В опровержение Петр Андреевич сначала высказал о заботливости государя и о желании его иметь себе достойного наследника, а потом распространился в обещаниях милостей и ласк по возвращении и в угрозах в случае неповинения.
— Ничего я не могу теперь решить, — уклонился царевич, — об этом надобно много подумать.
Более положительного результата Петр Андреевич не мог добиться в этой аудиенции. Надобно доподлинно разузнать, с кем будет советываться царевич, с кем думать.
VI
Домой воротился Алексей Петрович бледным и встревоженным. Афросе не нужно было долго допрашивать, для чего приглашали друга.
— Кончились наши ясные дни, Афрося, и не вернутся они никогда… — и Алеша заплакал, горячо обняв свою Афросю и положив голову к ней на плечо, — узнали наши лиходеи, где мы… и пришли за нами… Прочти вот…
Афрося, читавшая писанное с трудом, многое не разобрала, но она догадалась о значении каждого слова и сердцем поняла невзгоду. Впрочем, эта невзгода не показалась ей такою мрачною, как Алеше. Отец прощает, промелькнуло у нее в голове, позволяет им жить, где угодно… Чего же больше и желать-то? Не вечно же бегать переодетыми, как на Святках, лазить по ущельям да прятаться по замкам, которые хоть и понравились ей, да только сначала, когда въезжала в немецкую землю и любовалась ими издали, а не теперь, когда сама испытала, каково сидеть в этих гнездах взаперти. Вот у нас на родине-то нет этих замуравленных толстых стен; везде открытые поля, а по полям растут цветы, правда не долго, только весной, но Афрося была еще молода, и в ее воображении еще рисовалась только деревенская весна с изумрудной зеленью бархатных лугов, с шумящими ручьями да песнями жаворонков.

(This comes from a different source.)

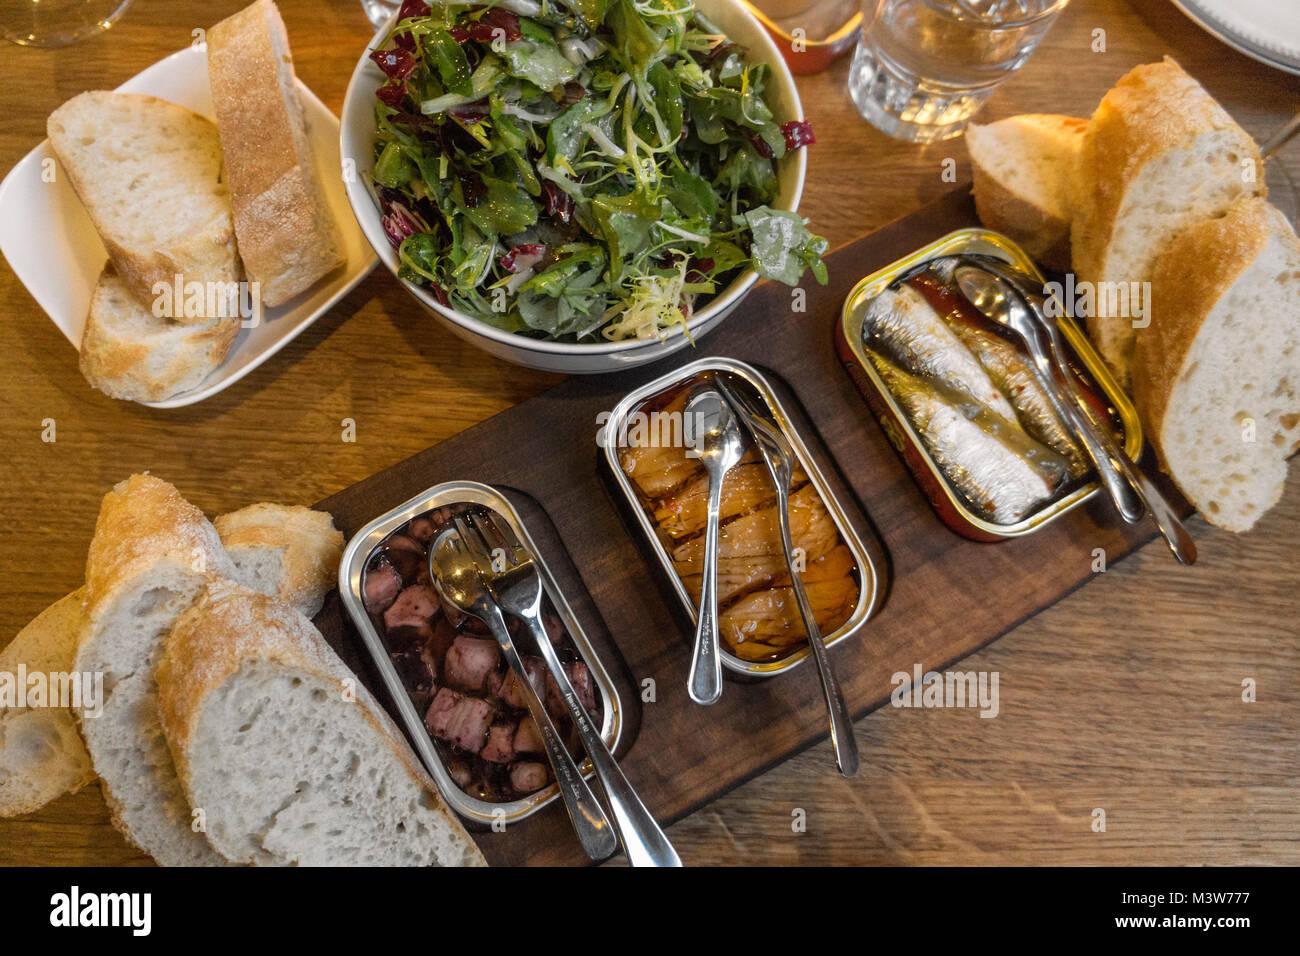 Sardinenbar, Fischkonserven für Gourmets, Restaurant, Schöneberg, Berlin, | Sardinenbar, gourmet fish - Stock Image

Афросе очень хотелось утешить Алешу, высказать, что он напрасно так кручинится, что на родине им будет гораздо лучше, чем в басурманских тюрьмах, но в первые минуты побоялась перечить; она только теснее прижала к себе его голову да крепче целовала его.
Прошло два дня, и царевич несколько успокоился под ласками Афроси, нежно ластившейся к нему каждый раз, когда царевич задумывался и скорбное выражение набегало на бледное лицо; а на третий день снова приехала закрытая карета и снова увезла Алешу к вице-королю.
На этом свидании при первом же вопросе графа Толстого, додумался ли до послушания отцу, царевич, по-видимому, твердо отвечал:
— Возвращаться к отцу опасно и явиться перед его разгневанное лицо не бесстрашно… не смею воротиться, о чем и донесу письменно протектору моему, его цесарскому величеству.
Довольно решительный тон царевича раздражил графа Толстого почти до исступления, как обыкновенно случается при неожиданной встрече отпора от лиц, от которых не ожидали сопротивления. Петр Андреевич выпустил ноготки.
— Если ты не возвратишься, тогда царь будет считать тебя изменником и не отстанет, пока не получит тебя живого или мертвого. Мне приказано не удаляться отсюда прежде, чем возьму тебя… Если бы и перевезли тебя в другое место, то и туда буду следовать за тобою!
Понятно, до какой степени этот резкий тон напугал царевича, которого привести в полное расстройство и отчаяние достаточно было одного грозного взгляда, одного жеста, напоминавшего тяжелую руку отца. Царевич бросился к вице-королю, схватил его за руку и увлек в другую комнату.